The dataset consists of $T=5853$ continuous pseudorange measurements collected from seven GPS satellites at a sampling rate of 1 Hz. The dataset is tuned using the first 500 observations and evaluated on the whole trajectory. Initial values of ${\sigma }_q^2=1$ and ${\sigma }_r^2=100$ are chosen for the Q and R matrices respectively, as specified in (31). The DEKF is optimized using the AdamW optimizer over 5 epochs and 10 cycles, as shown in Figure 8. The marginal log likelihood does reach the local maxima value as expected, but unlike the simulated case, it does not fully converge. This may be because of the minimal training of the DEKF for a limited real-world dataset.

Although the full convergence is not observed, as evident in Figure 9, there is an improvement in the positioning errors for all three directions.
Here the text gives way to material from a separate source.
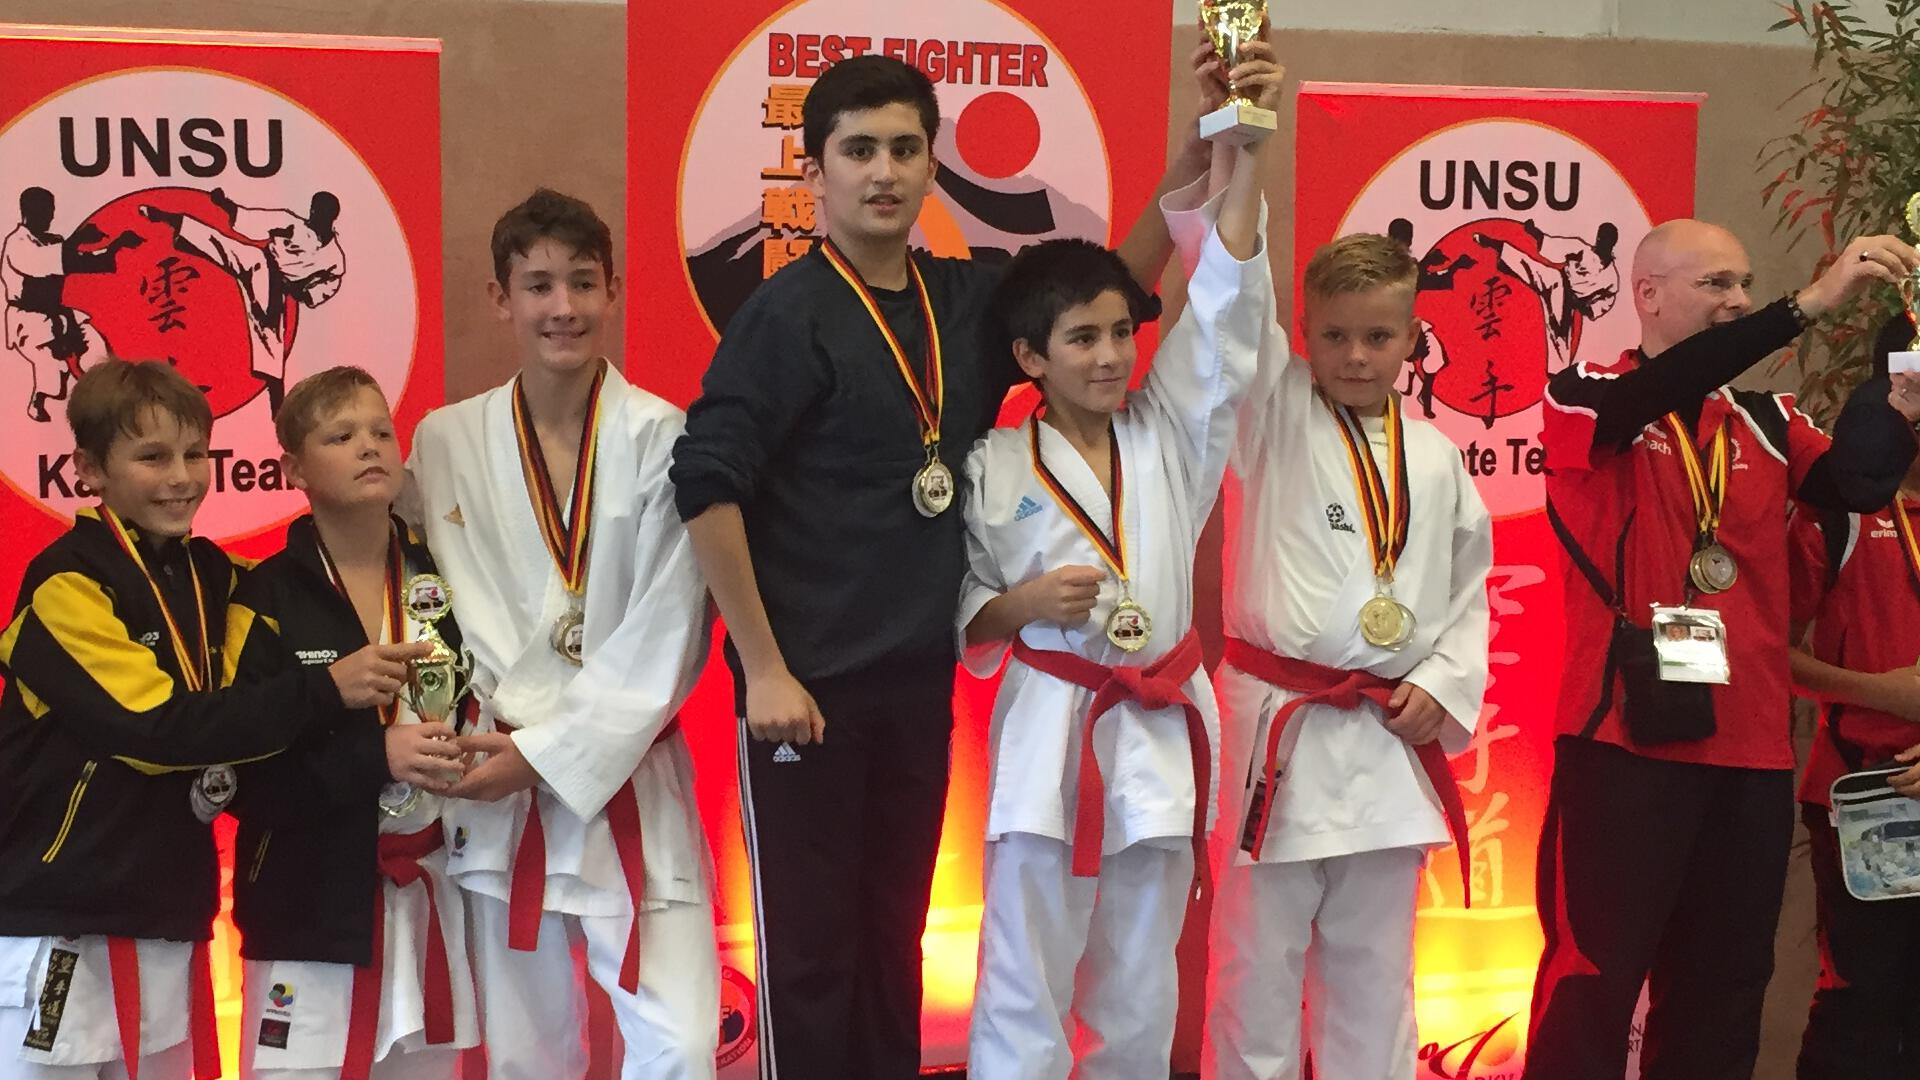 Bestleistung beim Best Fighter Karate Cup

Further, the time series representation of ENU errors is provided in Section 5 (see Figure 14). Although there is a slight increase in five-minute averages of ENU errors for the “east” and “north” directions for the DEKF as compared to other algorithms, the error ranges are comparable. This shows that the DEKF is still competitive for the static scenario. Furthermore, the noise measurement matrix converges, as shown in Figure 10, eliminating the need for manual tuning, which is a prerequisite for the other algorithms.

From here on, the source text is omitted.